Останки разложились уже настолько, что не было даже возможности отпеть Пьетро в открытом гробу. И не только из-за зловония, исходившего от трупа: смертная судорога так крепко схватила тело, что, чтобы положить юношу в гроб, пришлось переломать ему кости рук, которые никак не хотели сгибаться.

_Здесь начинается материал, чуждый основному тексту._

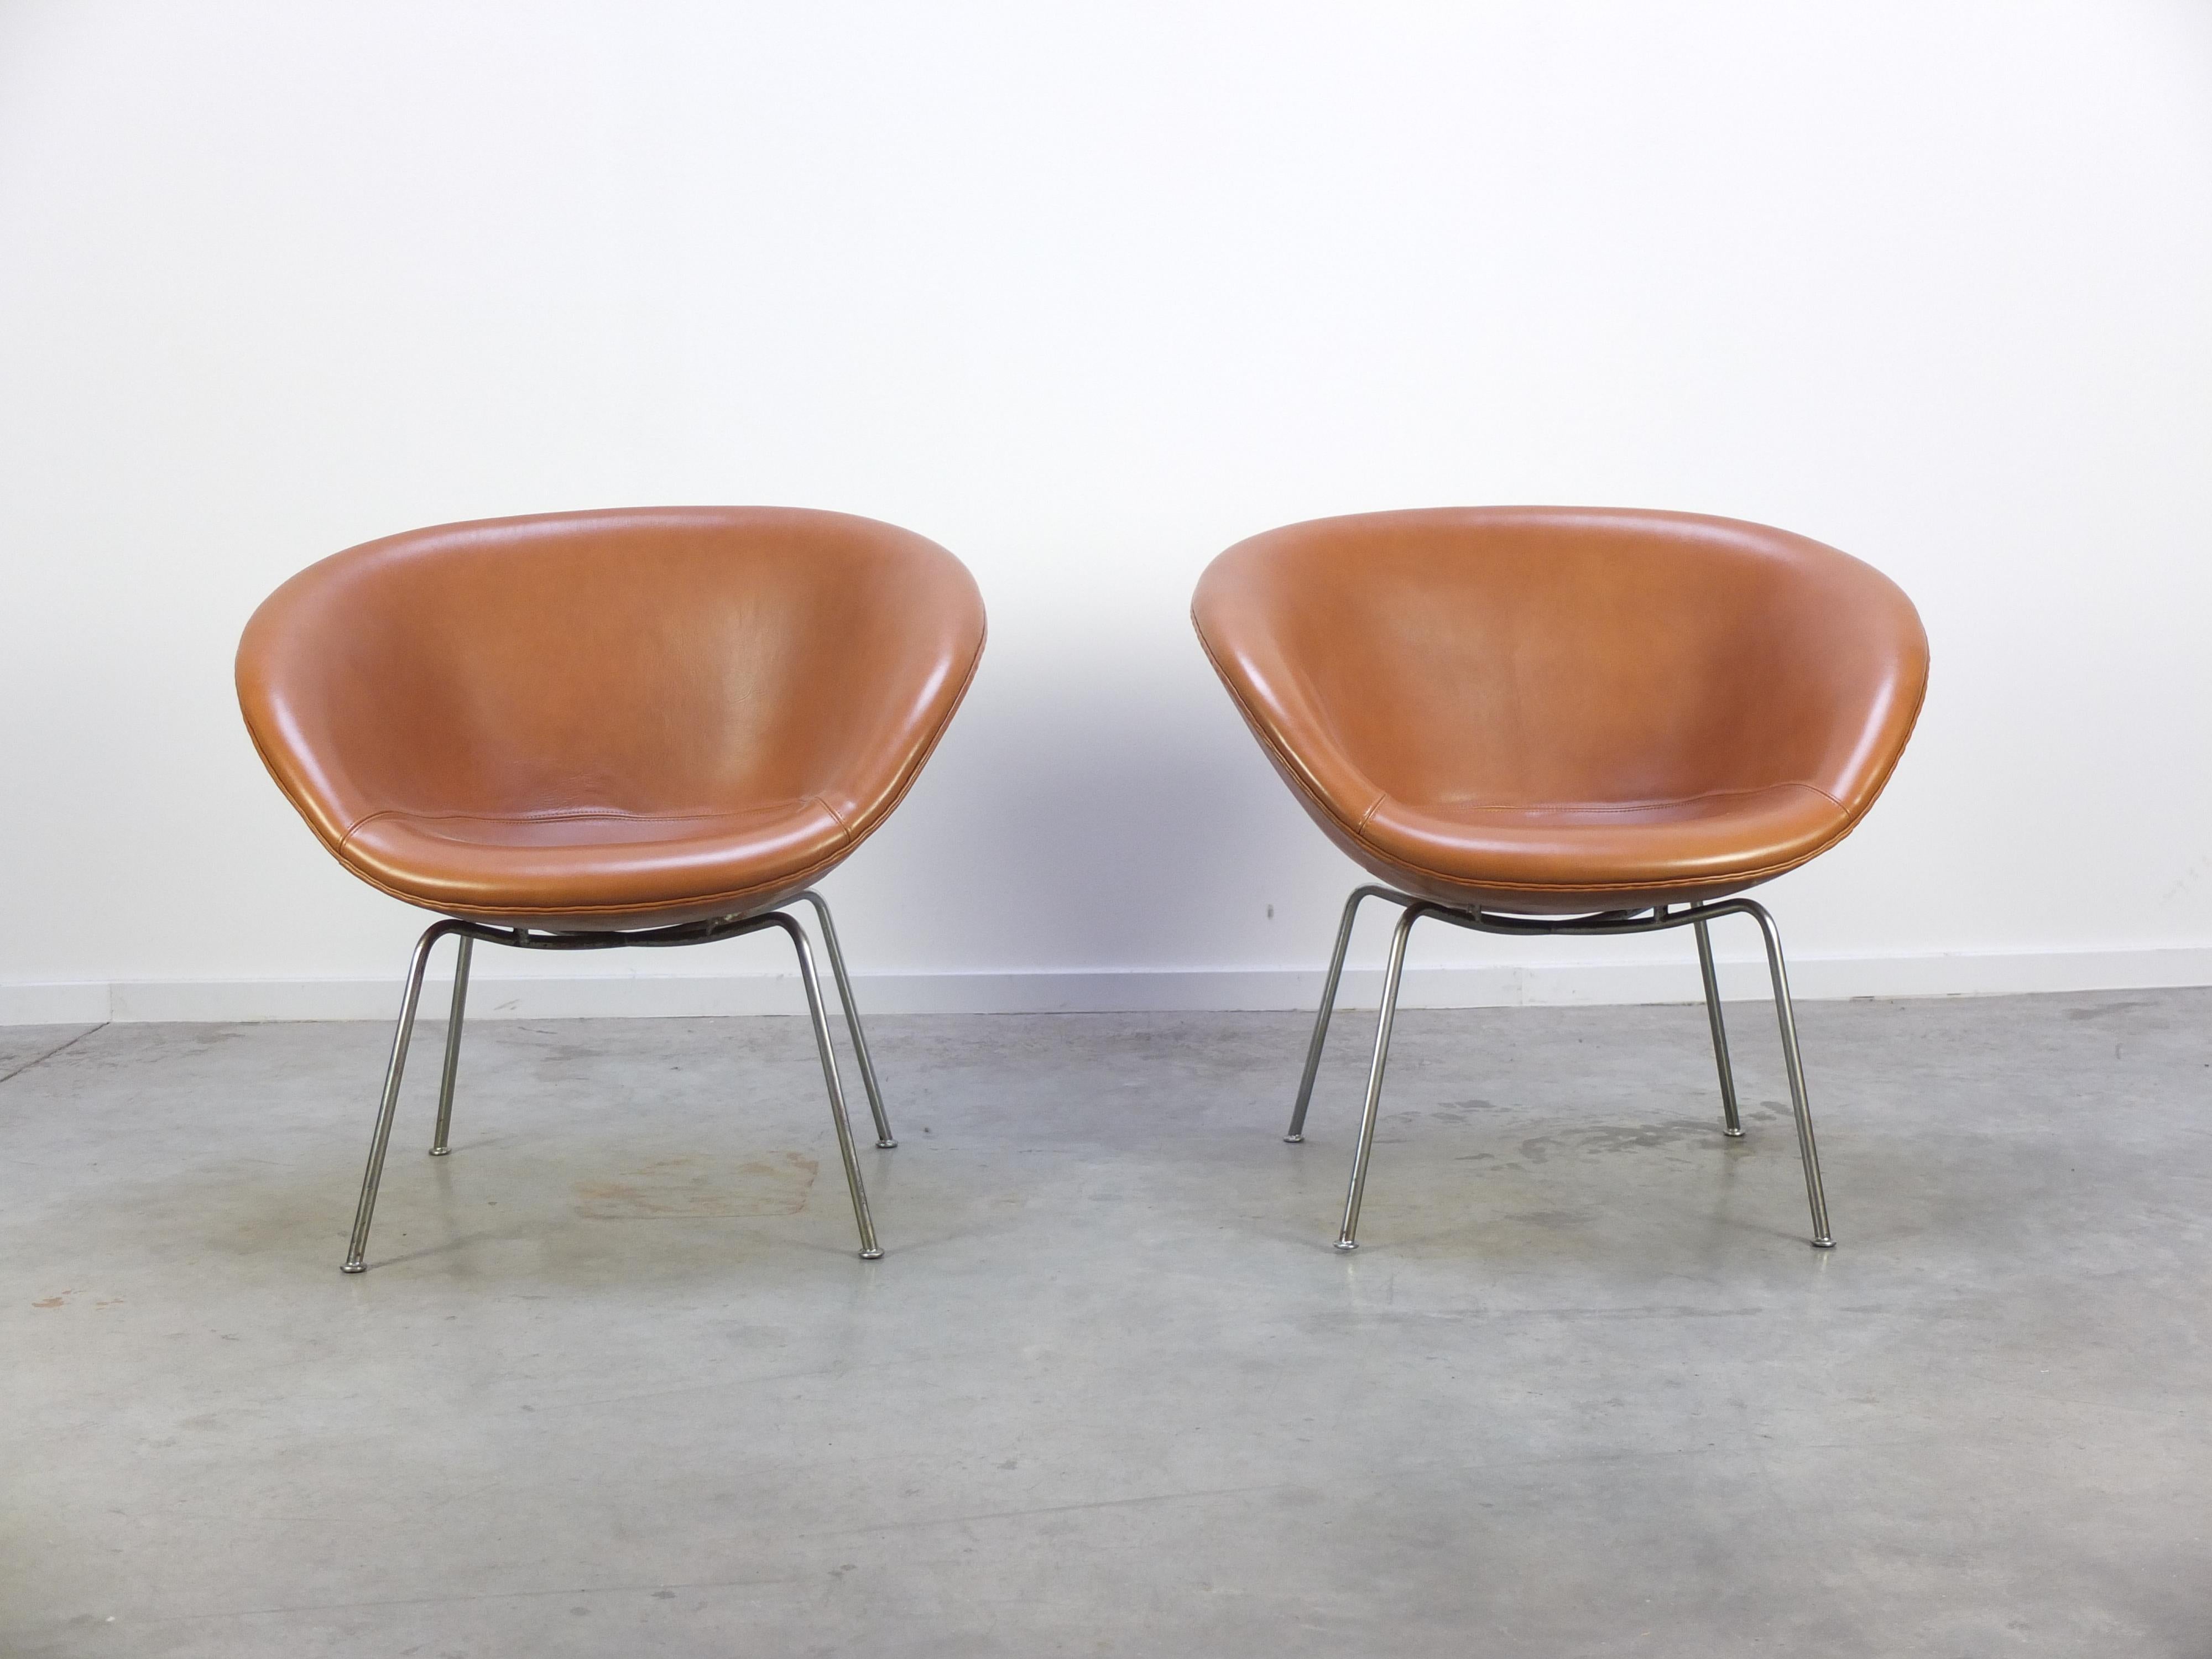 Fantastic pair of ‘Pot’ chairs designed by Arne Jacobsen for the Royal SAS Hotel in Copenhagen in 1959. These are early editions which have been professionally reupholstered with beautiful cognac-brown leather. The 4-legged base is made out of
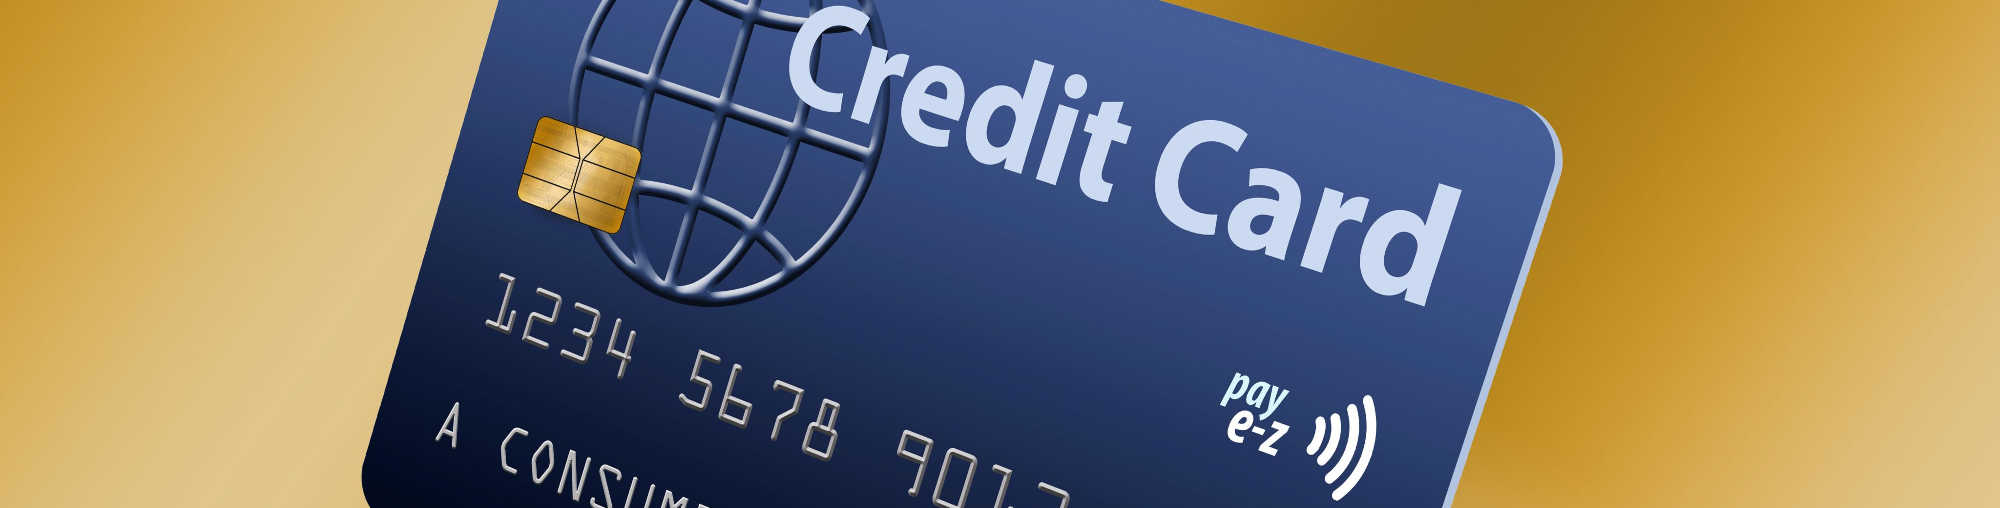 image of amslv credit card payment processing

Мастер Монтерга, устремив взгляд в какую-то неясную точку, расположенную даже глубже, чем дно могилы, вспоминал день, когда он впервые увидел того, кому было суждено стать самым верным его учеником.

 

II

Однажды утром, в 1474 году, в мастерскую Франческо Монтерги зашел аббат Томмазо Верани, с собой он притащил какие-то свертки. Отец Верани возглавлял тогда Оспедале дельи Инноченти . Он приветствовал художника с особым радушием, было видно, что он, как никогда, оживлен, не в силах скрыть переполняющее его возбуждение. Священник бросил на стол несколько холстов, пристально посмотрел на мастера и попросил высказать свое ученое мнение. Тот взглянул на первый из рисунков, так некстати принесенных аббатом, поначалу без особого интереса. Предполагая, что речь идет о дерзновенной попытке самого отца Верани пуститься в плавание по коварному морю художнического ремесла, Франческо Монтерга решил проявить снисхождение. Не выказывая никакого энтузиазма, еле заметно покачав головой, мастер произнес приговор первому рисунку тоном, в котором читалось предостережение:

— Совсем неплохо.

Это был рисунок углем — девять арок галереи Воспитательного дома, построенного Брунеллески. Художник подумал про себя, что начинающий мог бы справиться с такой задачей и гораздо хуже. Он отметил хорошее понимание законов перспективы, интересный ракурс, а также, уверенность линий в изображении высокой колокольни Сантиссима Аннунциата на заднем плане. Игра света и тени передана, конечно, грубовато, но и здесь по крайней мере прослеживалась довольно четкая идея, соответствующая расхожим представлениям о свете. Прежде чем Франческо Монтерга успел рассмотреть рисунок во всех деталях и высказаться более определенно, отец Верани развернул другой холст поверх первого. Это был портрет самого аббата, рисунок сангиной — наивный, но выполненный решительной и легкой рукой. Выражение лица аббата было схвачено точно. В любом случае, подумал мастер, между правильностью этих рисунков и стремлением к совершенству, в котором и состоит талант художника, лежит непреодолимая пропасть. К тому же надо учитывать и возраст отца Верани. Он попытался подыскать нужные слова, чтобы, с одной стороны, не ранить самолюбие священника, а с другой стороны, не обольщать его напрасными надеждами.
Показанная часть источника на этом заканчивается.